I am in the process of building a rock decoration for my aquarium. What kind of sealer should i use (or have people used) if i am using a mortar type of material on hte decoration? i dont want to use any kind of sealer and not have it work in the aquarium.


----------



## RyLuci1021 (Jul 8, 2011)

no one?


----------



## susankat (Nov 15, 2008)

Use silicone that is safe for aquariums


----------



## whitetiger61 (Aug 2, 2011)

agreed..dont use motar typy as it has lime in it..

Rick


----------



## susankat (Nov 15, 2008)

Besides you don't need to seal it. just glue it together, let it set for 48 hours and your good to go


----------



## RyLuci1021 (Jul 8, 2011)

its a diy 3d decoration made of styrofoam. i am covering it in a tinted concrete filler material. i need to seal it with something that is aquarium or pond safe. its not a real rock sculpture.


----------



## RyLuci1021 (Jul 8, 2011)

Well everyone.... I ended up using a product called "Dry-Lok" to seal it up. It is concrete pond safe and is also used a basement wall "paint". I just used the tint and mixed it in with that and simply brushed it on over the mortar I had on the decoration.

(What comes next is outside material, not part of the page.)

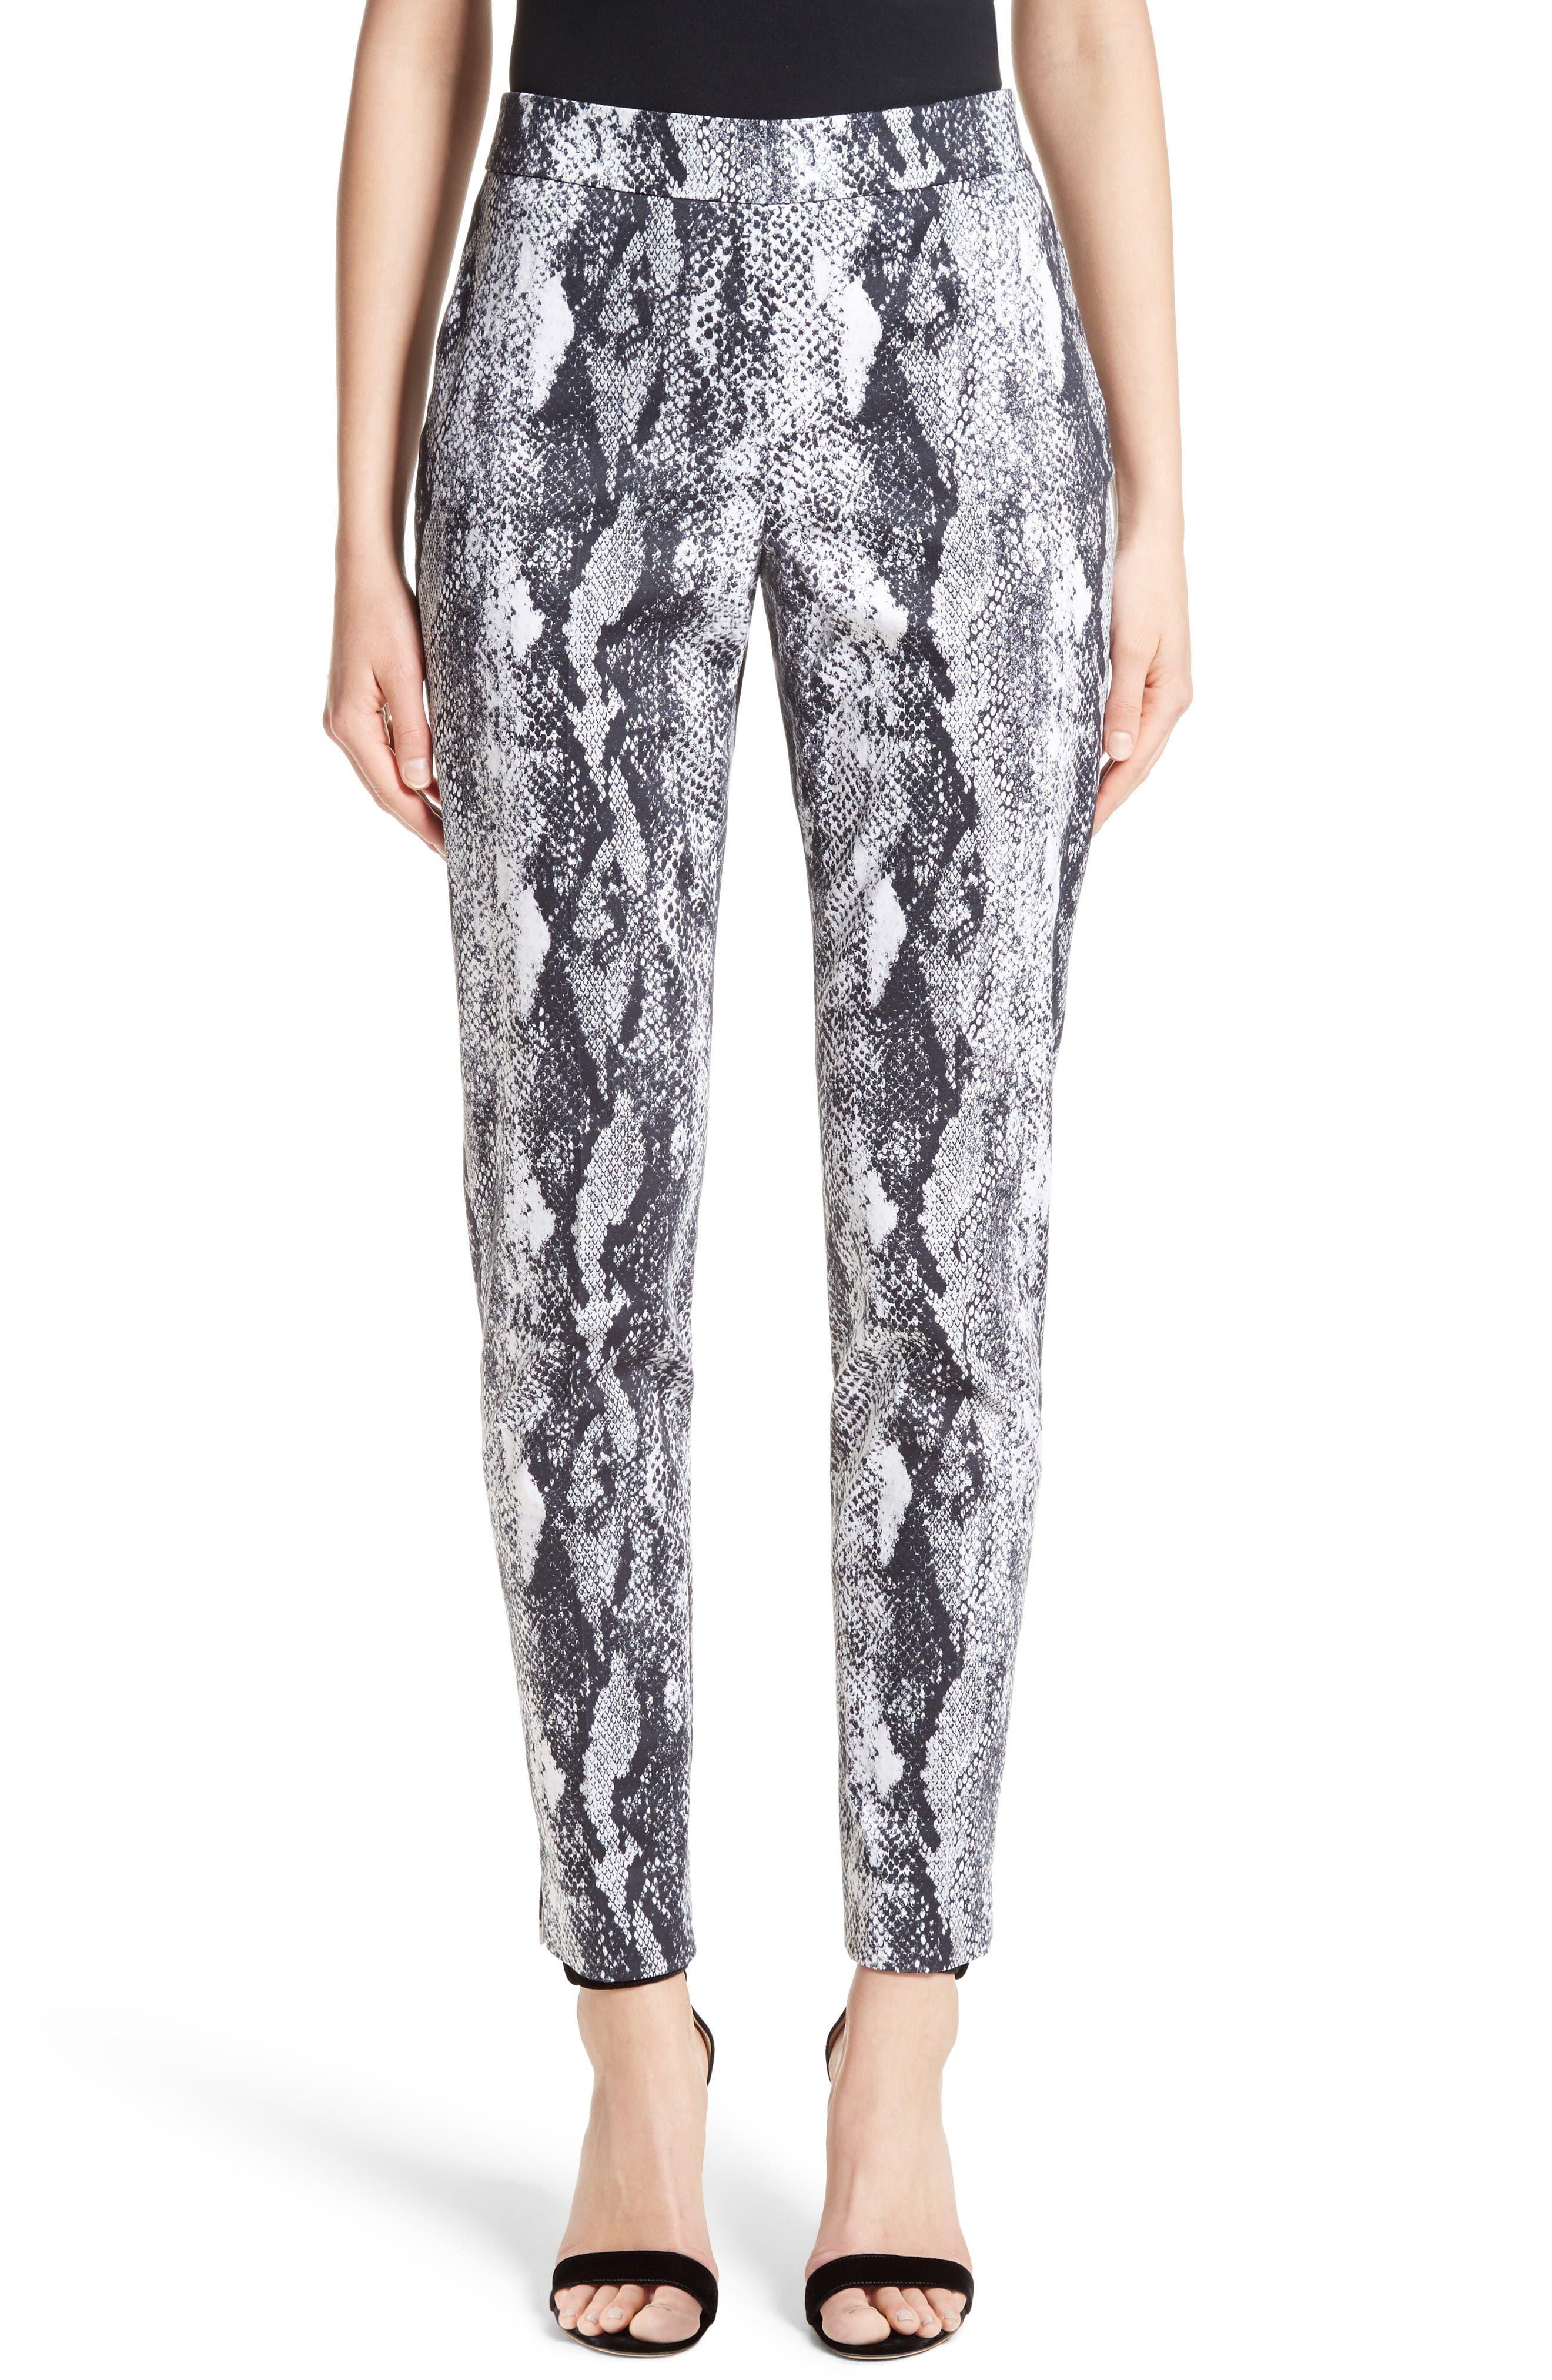 Emma Raja Snakeskin Print Pants,                         Main,                         color, Mica Multi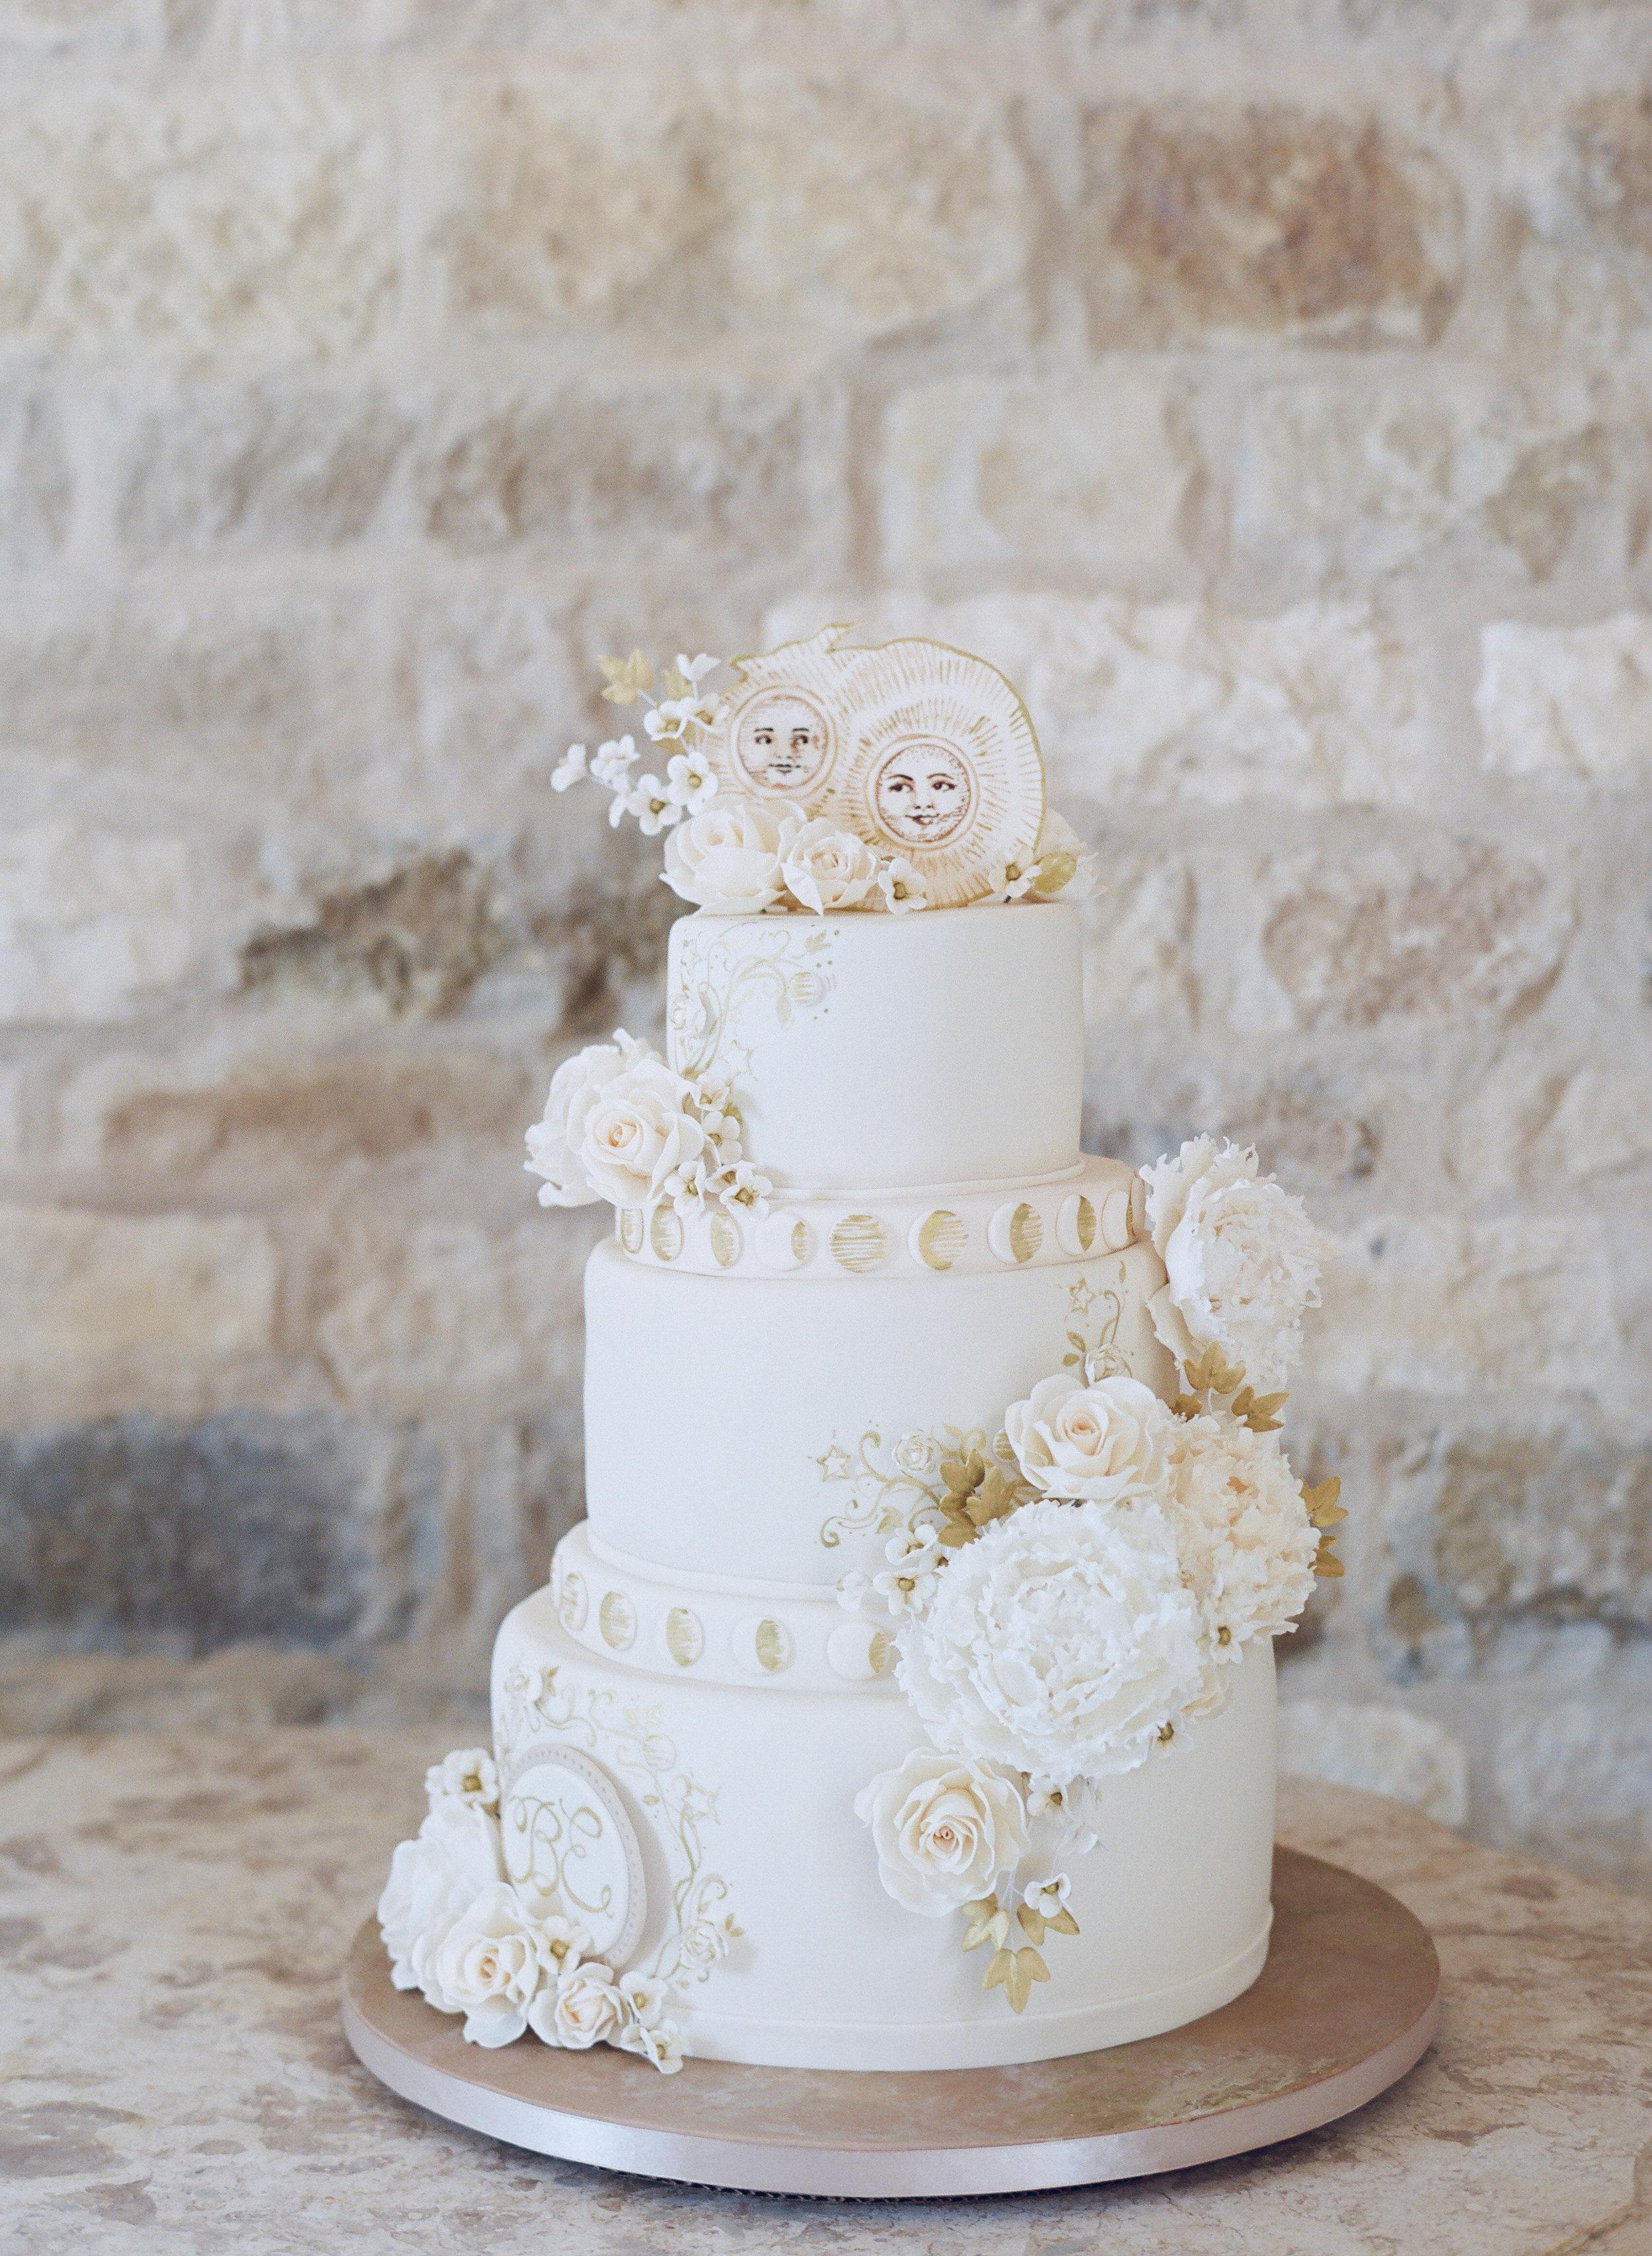 www.santabarbarawedding.com | Santa Barbara Wedding Style | Pink Buttercream frosting Three tier wedding cake | Merryl Brown Events | Elizabeth Messina Photography | ROBYN LOVES CAKE

I will be posting pics soon, so keep an eye out for my post.


----------



## tetrafan01 (Sep 12, 2013)

I used aquarium safe silicone, You can buy it at about any aquarium stoor its clear. I built a rock tunnel with it


----------



## MeganV (Sep 22, 2013)

yeah home depot sells a aquarium safe silicon that is pretty generic and known to be really easy and safe.


----------